TBB (Intel)

Intel Threading Building Blocks (also known as TBB (Intel)) is library developed by Intel Corporation for writing software programs that take advantage of multi-core processors. The library consists of data structures and algorithms that allow a programmer to avoid some complications arising from the use of native threading packages such as POSIX threads, Windows ® threads, or the portable Boost Threads in which individual threads of execution are created, synchronized, and terminated manually.

BOLT supports parallelization using Intel Threading Building Blocks (TBB (Intel)). You can switch between CL/AMP and TBB (Intel) calls by changing the control structure.

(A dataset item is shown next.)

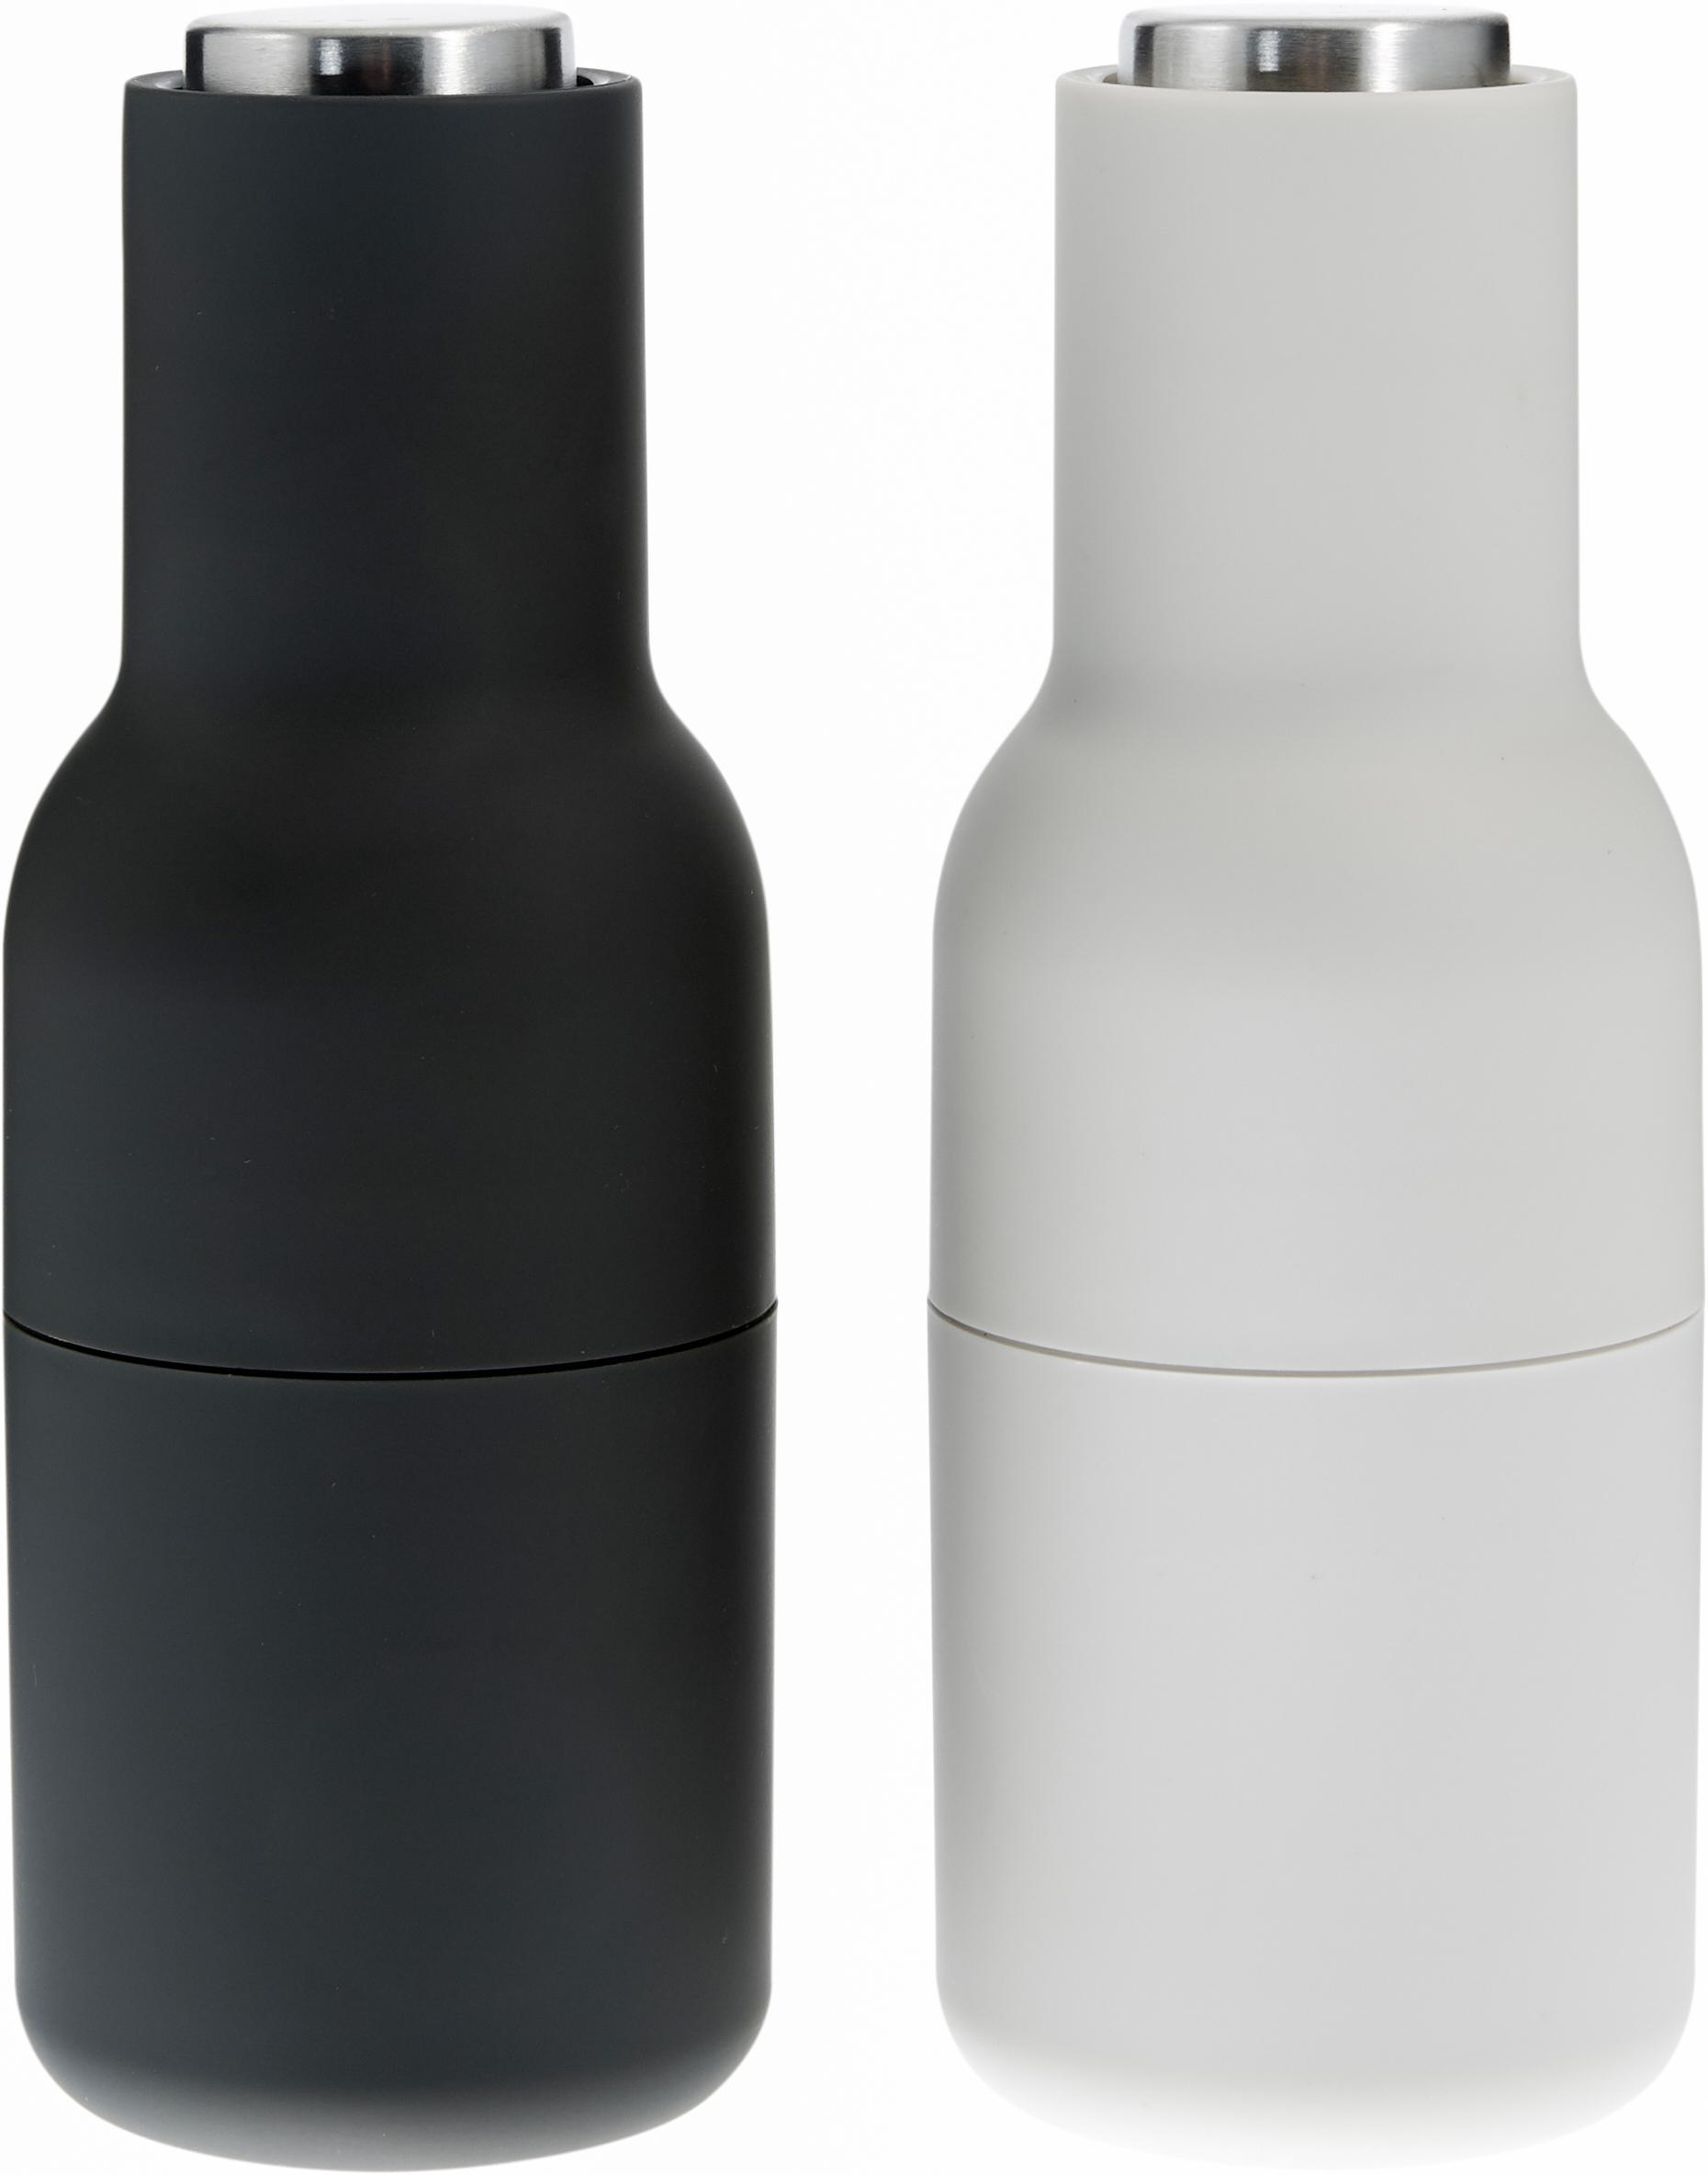 Designer Salz- & Pfeffermühle Bottle Grinder mit Edelstahldeckel, Korpus: Kunststoff, Mahlwerk: Keramik, Deckel: Edelstahl, Anthrazit, Hellgrau, Ø 8 x H 21 cm

Setting up TBB (Intel) with Bolt.

To start using high performance MultiCore routines with Bolt. Install TBB (Intel) from here On Windows ®, add TBB_ROOT to your environment variable list. e.g. TBB_ROOT=<path-to-tbb-root>. Run the batch file tbbvars.bat (e.g. tbbvars.bat intel64 vs2012) which is in TBB_ROOT%\bin\directory. This batch file takes 2 arguments. <arch> = [32|64] and <vs> - version of Visual Studio. If you want to set it globally then append the TBB (Intel) dll path e.g. TBB_ROOT% \intel64\vc11 in “PATH” Environment variable. This will set all the paths required for TBB (Intel).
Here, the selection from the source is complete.